== Dataset content ==
———

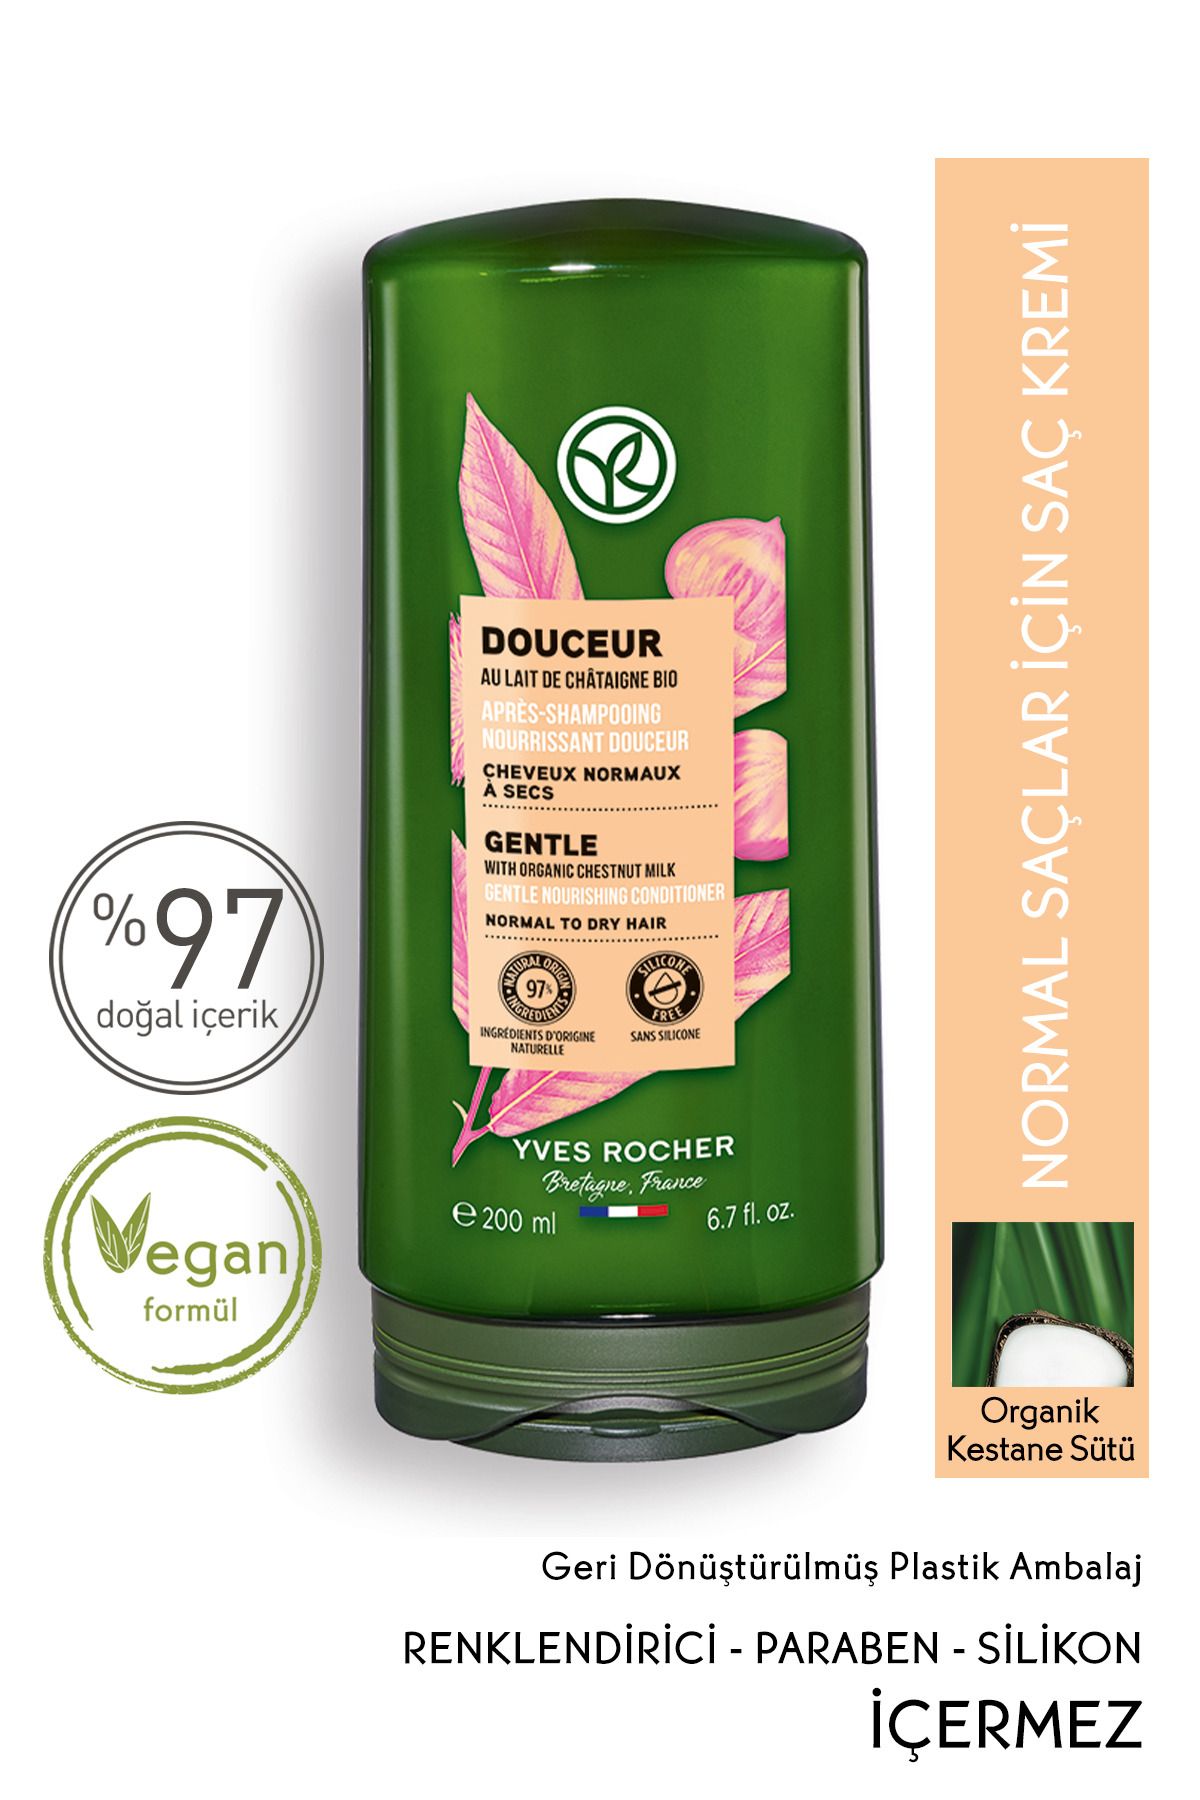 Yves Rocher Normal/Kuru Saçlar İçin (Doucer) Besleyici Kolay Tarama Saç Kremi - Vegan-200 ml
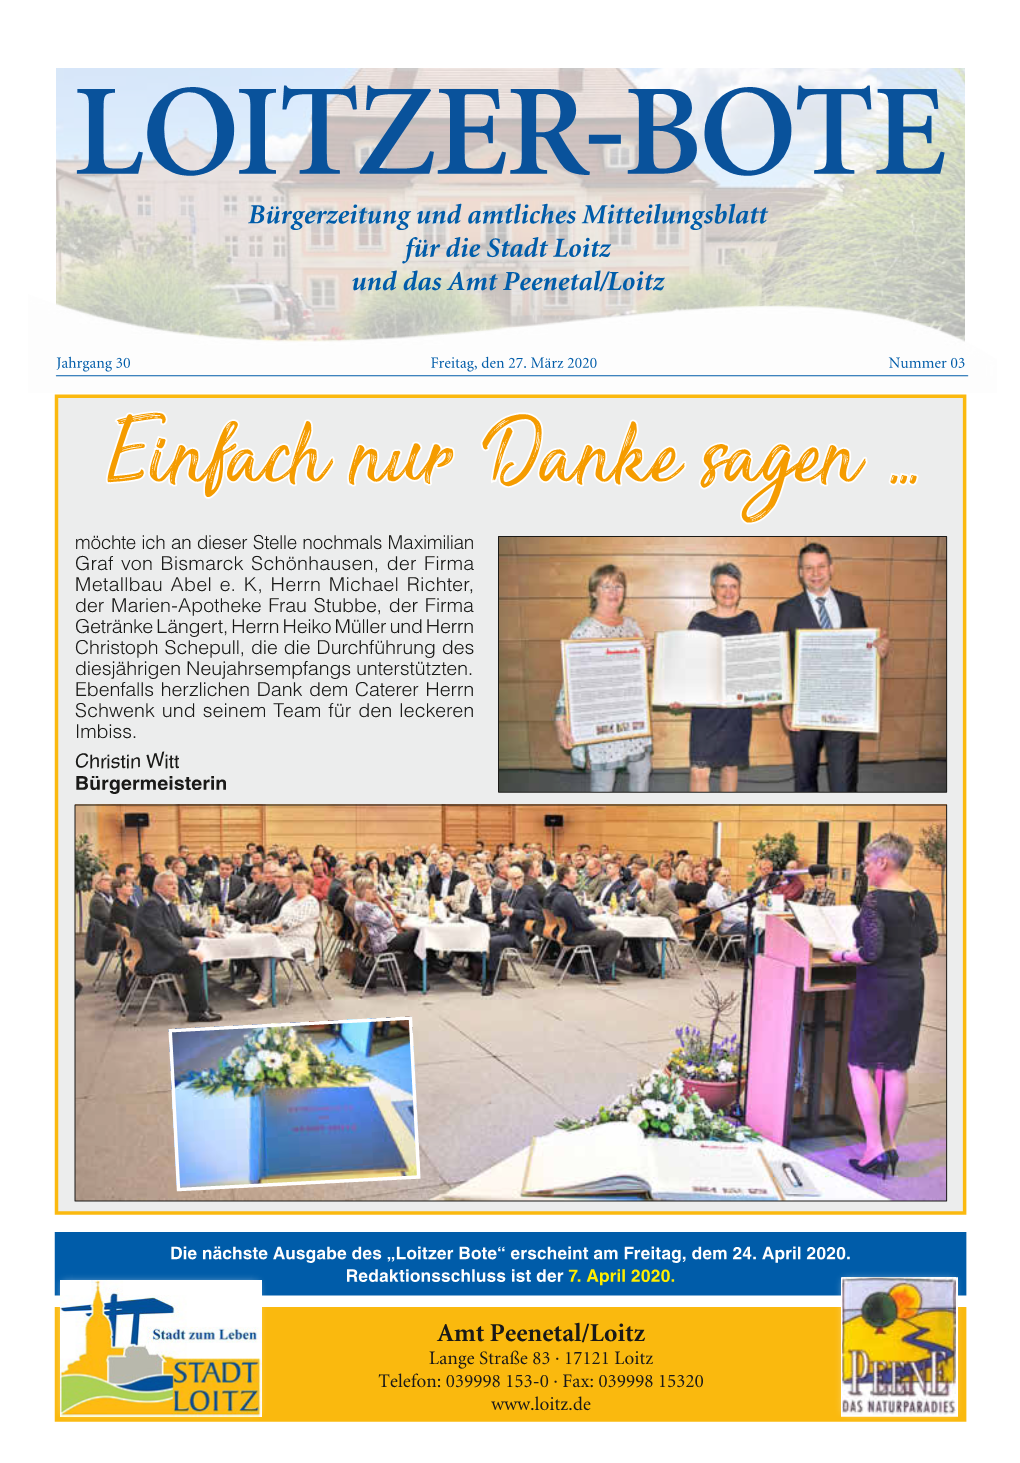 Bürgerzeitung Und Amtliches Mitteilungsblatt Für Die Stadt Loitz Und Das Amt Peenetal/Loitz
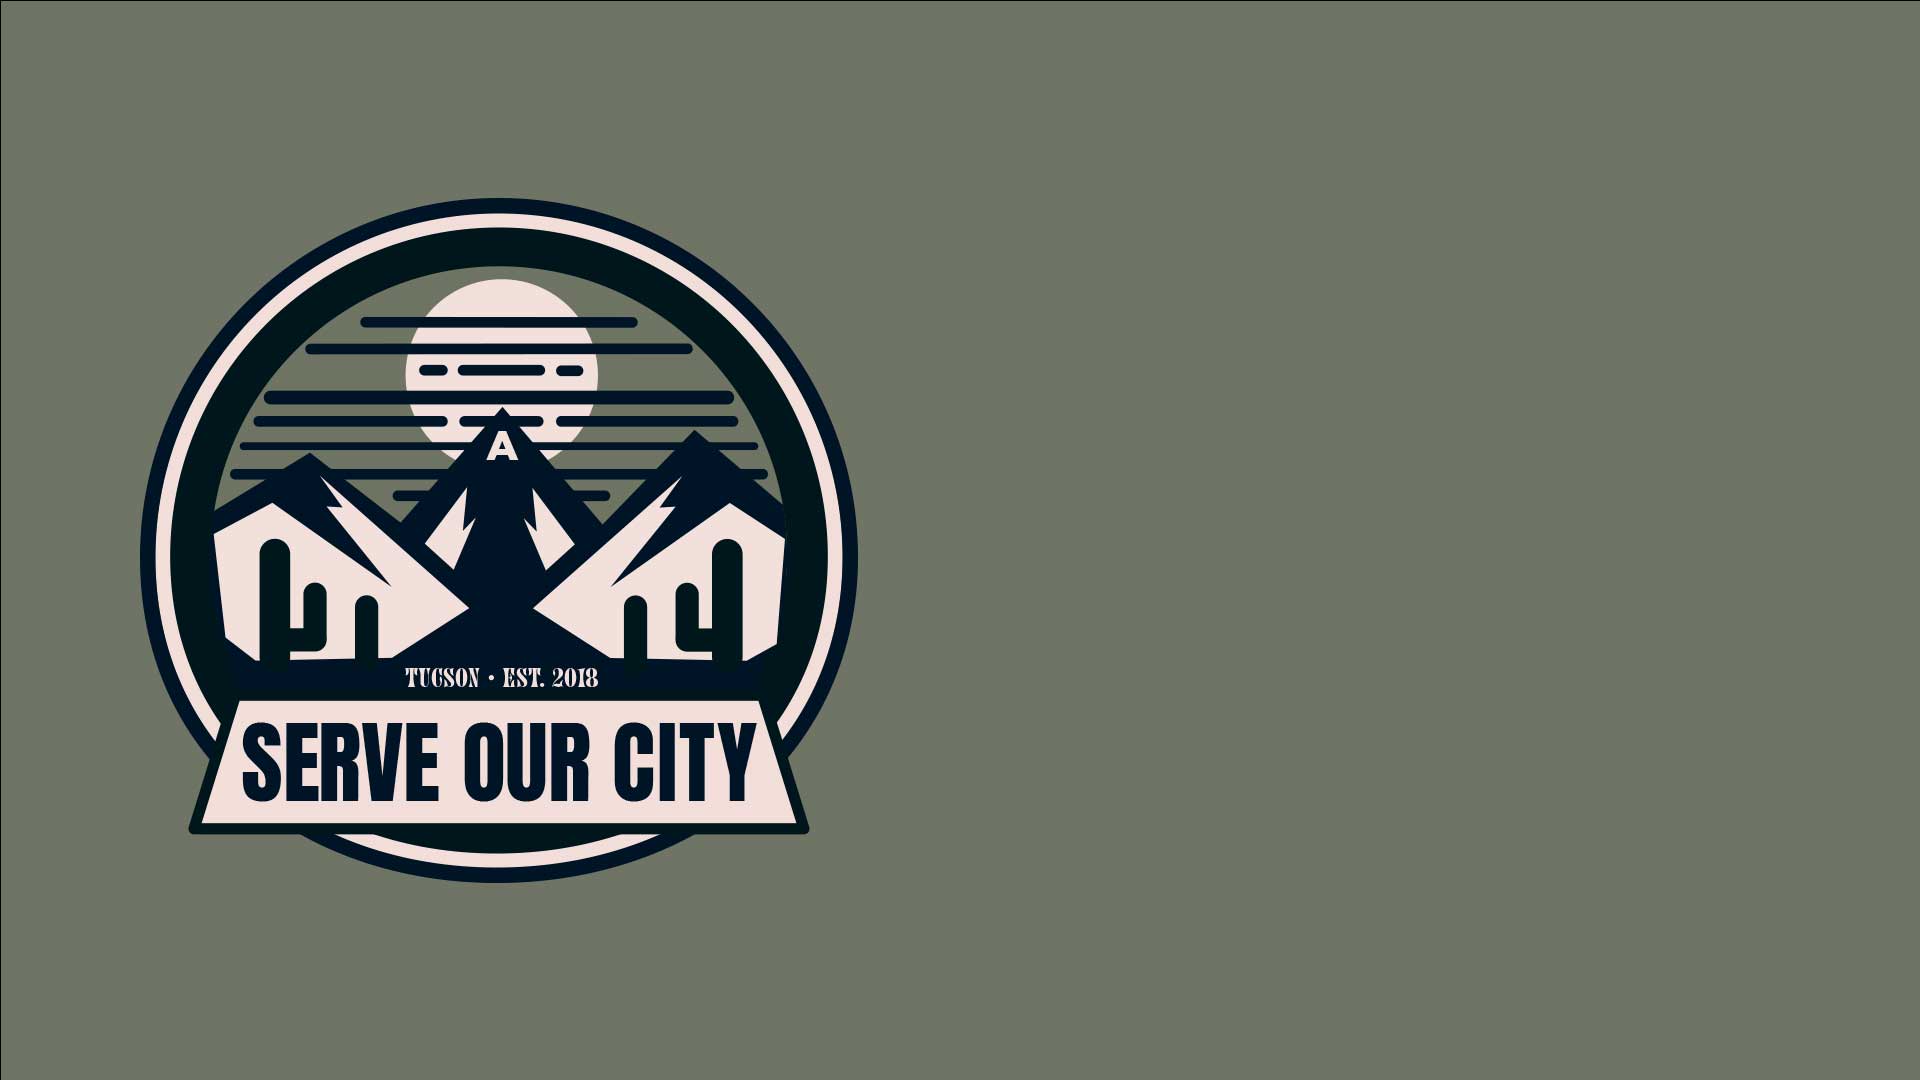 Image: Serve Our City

———

== What you have to do ==
Every line above should be copied exactly, apart from any pictures.

== The completed task ==
 Yves Rocher Normal/Kuru Saçlar İçin (Doucer) Besleyici Kolay Tarama Saç Kremi - Vegan-200 ml
 Bürgerzeitung Und Amtliches Mitteilungsblatt Für Die Stadt Loitz Und Das Amt Peenetal/Loitz
 Image: Serve Our City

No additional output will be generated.